No es ningún secreto que, para el Santa Fe de Gustavo Costas, un gol en contra es el comienzo del fin. Cimentado sobre la confianza, seguridad y la defensa del 0 en su arco, la moral del expreso se viene al piso tan pronto como se va abajo en el marcador; no sólo por el fracaso de su plan inicial, sino por lo que tiene que hacer a continuación: atacar. Y es que en los últimos encuentros, el ataque no sólo le ha traído dolores de cabeza a Santa Fe, sino que ha dado muestras de parecerle otro deporte.

El sistema ofensivo del equipo de Costas es, con seguridad, uno de los más simples de la Liga Águila. Una vez se hace con el balón, indistintamente de si es en su propio campo o en campo rival, Santa Fe se entrega al despliegue de Juan Daniel Roa y Anderson Plata, o bien la pegada goleadora de Jonathan Gómez: todos argumentos que requieren de espacios para prosperar.

¿Cómo atacar cuando no es posible el contragolpe? El asunto pendiente de Costas

En este orden de ideas, una vez se viene abajo en el marcador y su rival pasa a defender la ventaja, el expreso rojo se hace inofensivo sin espacios. En respuesta a esto, Gustavo Costas parece tener en mente un nuevo dibujo táctico con cuatro defensas, lo que significaría sumar un jugador ofensivo al once titular, presumiblemente un centrocampista.

No obstante, suficientes lecciones nos ha dado el fútbol de que sumar un efectivo en ataque no se traduce necesariamente en una mejora ofensiva.
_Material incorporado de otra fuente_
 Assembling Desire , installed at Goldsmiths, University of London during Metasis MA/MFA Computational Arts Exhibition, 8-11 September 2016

En el caso de Santa Fe, el quid del asunto está en hallar un mecanismo que, en lugar de hacer correr a los suyos, haga correr al balón. Y ese mecanismo puede tener nombre propio.

Kevin Salazar puede ofrecer las respuestas que busca Santa Fe

En Kevin Salazar hay un proyecto extraordinario de futbolista. Su menuda talla esconde un arsenal de técnica y creatividad, que va desde un control de balón académico hasta un sentido del pase impoluto. La velocidad que carece para correr le sobra para poner a rodar el cuero y perfilarse como la pieza cerebral no sólo para Santa Fe, sino para los demás equipos de élite.
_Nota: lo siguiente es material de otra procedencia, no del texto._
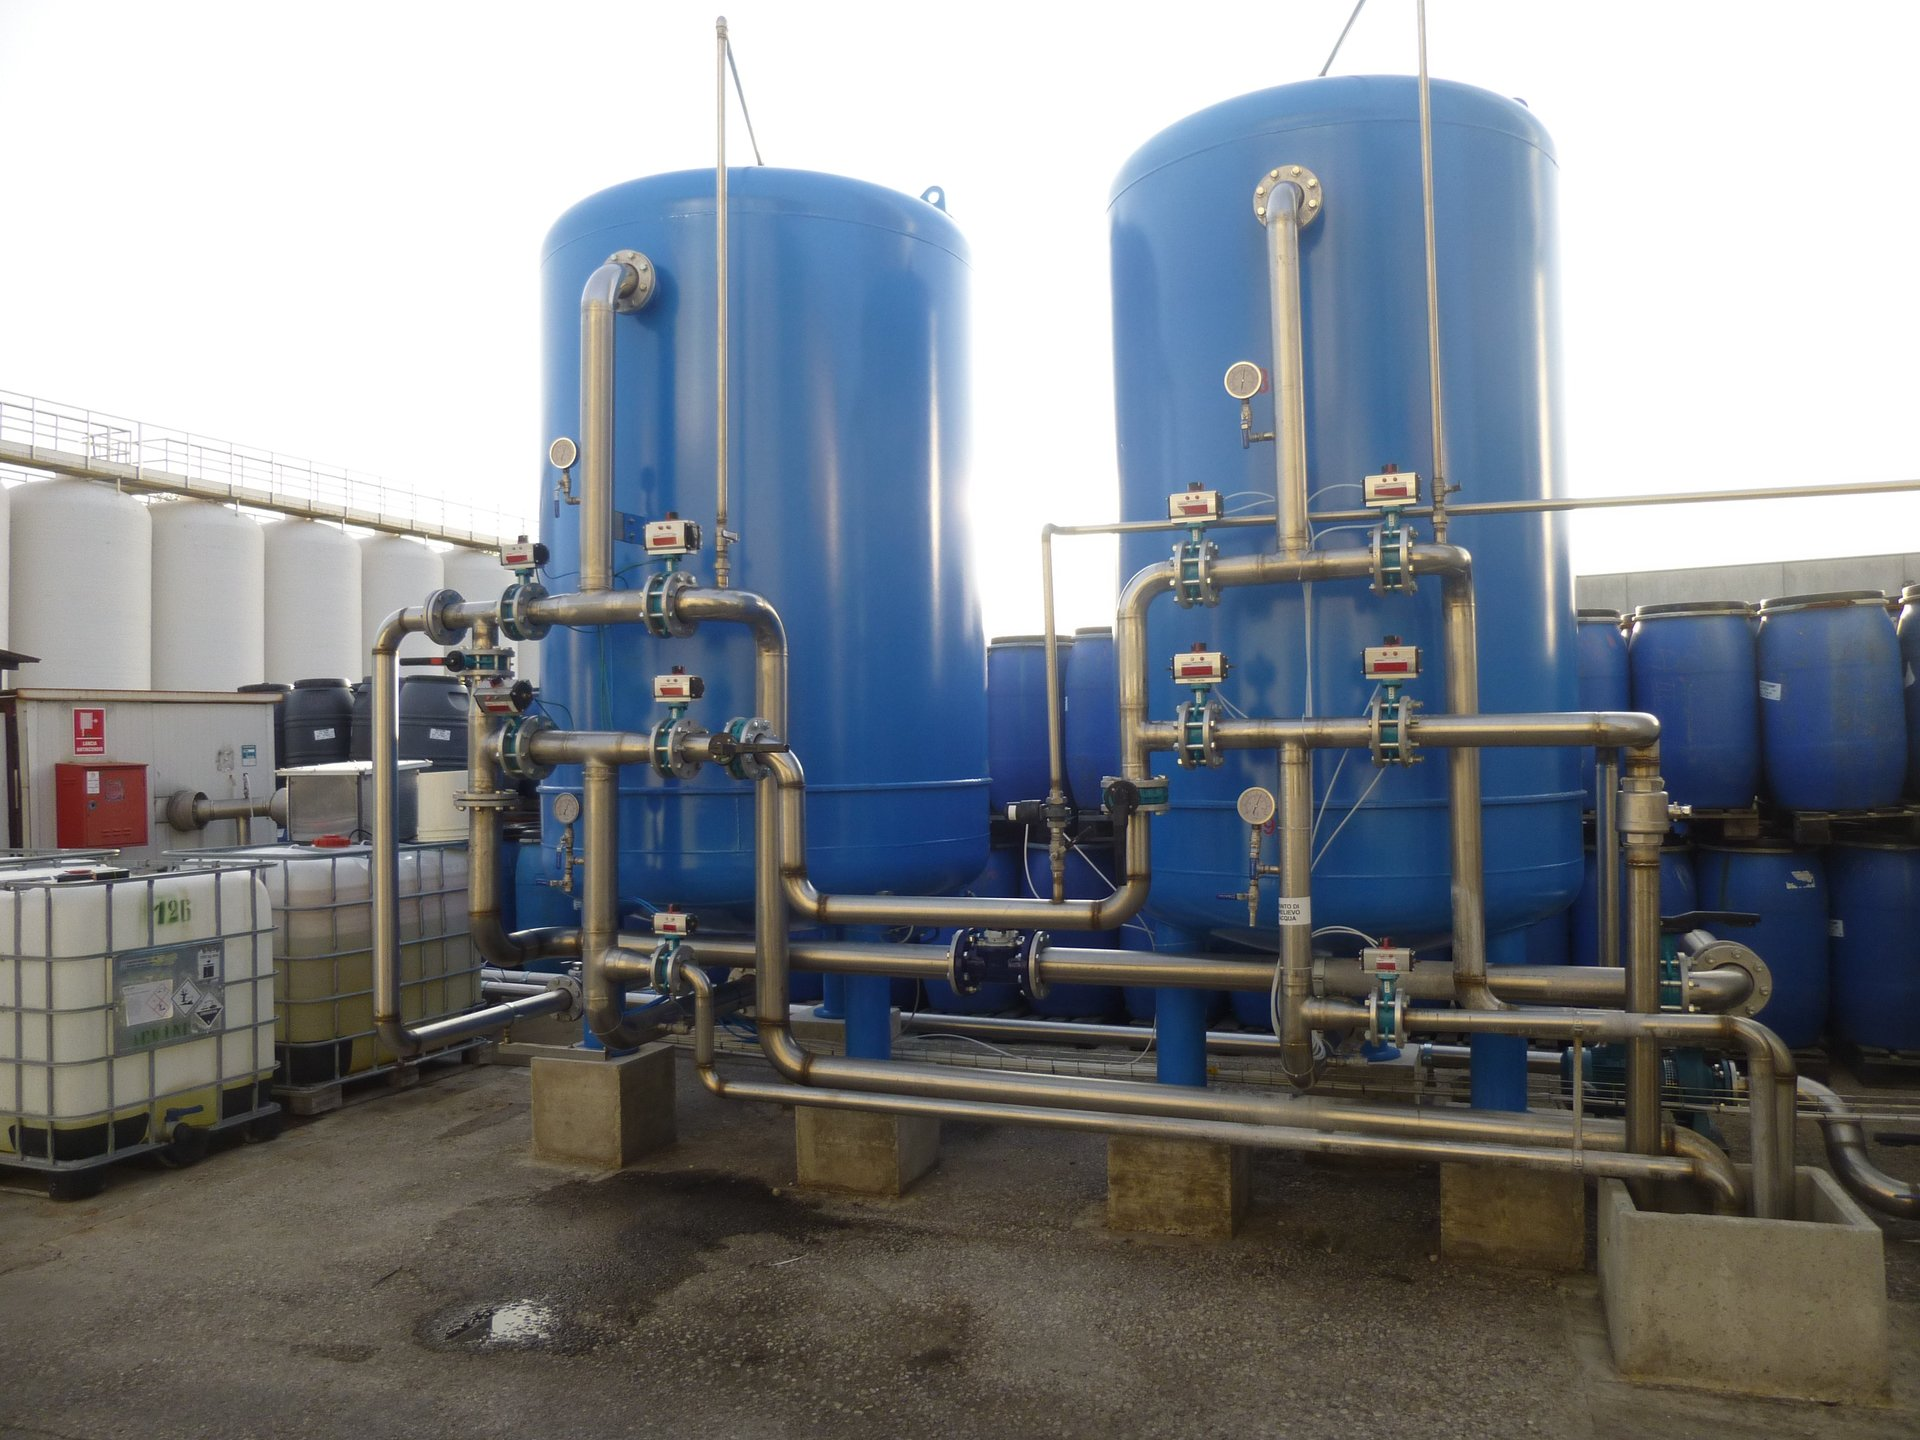 Addolcitori acque per l'industria

Pero, hoy por hoy, en su cara no hay rastros de la alegría de aquellos días en que su fútbol dejó sin aliento a la Liga. Salazar ha pasado a vivir de un papel secundario, y se ha resignado a ser visto como quien apaga los fuegos y no quien los crea. Al final ni siquiera es capaz de apagarlos: su equipo lo recibe con extrañeza, como ver a un artista entre gacelas.

Ahora que Gustavo Costas parece haberse sacudido, ¿convencerá a su equipo de atacar con la misma fe con que defiende? Si esta es la cuestión que atañe al entrenador argentino, seguro que con Kevin Salazar lo tendrá más fácil.